Each 2-channel amp is implemented in a two-package product - the TP2000 (the visible part) is the "controller" for the H-bridge power die, the TP2050 (mounted on the "back" of the PCB (under the large aluminum heatsink). There are two 2-channel amps in the Teac, one on each board. On the L/R amp board, the outputs are connected to the L/R speaker connectors. For the center channel board it APPEARS that they have left unconnected one of the outputs, driving the center channel with one channel of a stereo pair. This seems very strange, as there are output inductors for both channels on each board, and if you are not driving one channel you do not need these parts. I've never known CE manufacturers to give away free parts, so I'd have to assume that the "center" channel is actually a paralleled output. The way to tell would be to look at the top of the main board and see if there's traces present on the center channel's 7-pin output connector that parallel the outputs.

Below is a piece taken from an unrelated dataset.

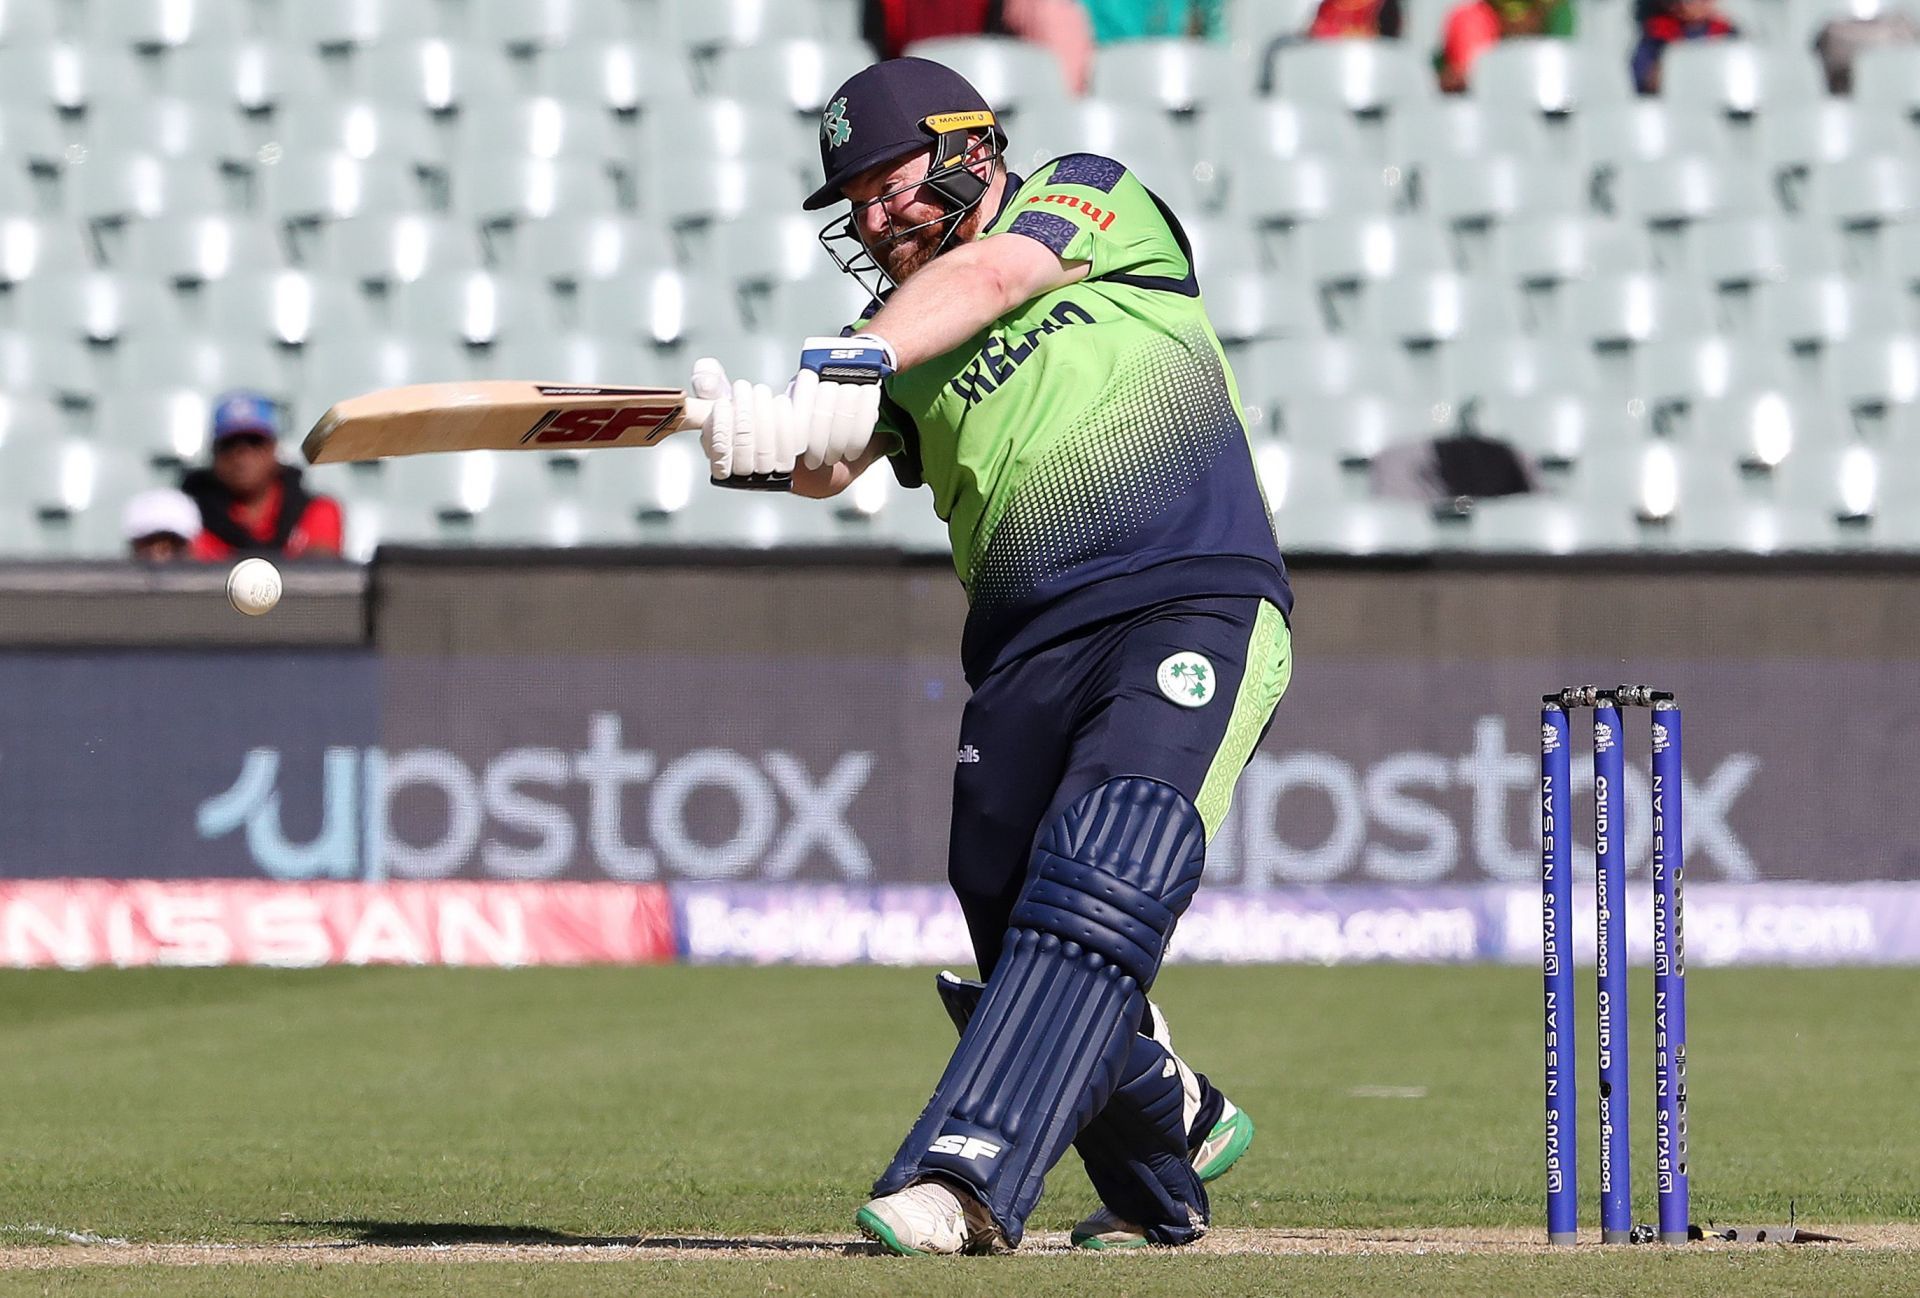 Paul Stirling will be leading the Irish side (Image Credit: Getty Images)

IF the center channel output is a paralleled stereo pair, then you have a higher output current capability on the center channel. You could drive (for instance) a 4 Ohm load to 90W (at .5% THD), assuming you had enough mojo in the power supply.
If you are only going to use this as a 2-channel design, then you might want to consider paralleling the L/R channels as well. Driving 4 Ohm loads, this will give you a 2x70W amp (.005% THD) if the power supply can provide 7 Amps at 30V (210W). Looking at the photos of the Teac supply, my guess is that it's closer to 120W than 210W, so maybe it's only good for 2x40W. Who knows? After all, it's only spec'ed for 6 Ohm loads.
Anyway, there's nothing to paralleling the L/R channels. Just run a heavy wire from the left red post to the right red, and another from left black to right black. Connect the load to either output. On the input side MAKE SURE that you have the same mono source connected to BOTH channels, and NEVER run in a stereo source into the L/R inputs. If the L/R outputs are paralleled and the L/R inputs are not the same, bad things will happen.
If you're driving 8 Ohm loads, there's really no point in paralleling the outputs. You won't get any increased power output, as the voltage swing is the same either way, and at 8 Ohms you're not going to current limit the device. Paralleling on the TP2050 is really only useful for 4 Ohm loads.
If you have a 4 Ohm sub and 8 Ohm satellites that you like, this amp is set up really well as it is.
If I were hot rodding it, I'd first check the power supply. The TP2050's sweet spot is in the 28-30V range. If you can find a nice quiet supply that provides 30V (regulated) at 7A, you are set. Switching supplies are not a disaster with a switching amp like this, so you can get away cheap if you need to. If you do change the power supply, remember that the TP2000 requires +5V as well (it looks like there's a 7805 on the main board). And if you change the supply voltage, you'll need to adjust the output offset. Fortuntely, they have the pots for this (VR80 and 81).
Second thing I would do would be to bulk up the local storage cap. There's not a lot of room, unfortunately. Probably have to lay it across the top of the chip. Bypass it with a high quality film.
With the increased current capability I'd look at the four output inductors L309-L311. These may be perfectly capable for higher current outputs, but there's no harm in replacing them with bigger cores. Maybe swap them in one channel only and compare them with an unmodified board to see if you like the change. I'd stay with the default filter value of 15uH.
I'm slowly talking myself into going out and buying one of these things. It looks like a nice design for the money, with lots of room for mods. If I do, I'll post here and let you know what works for me.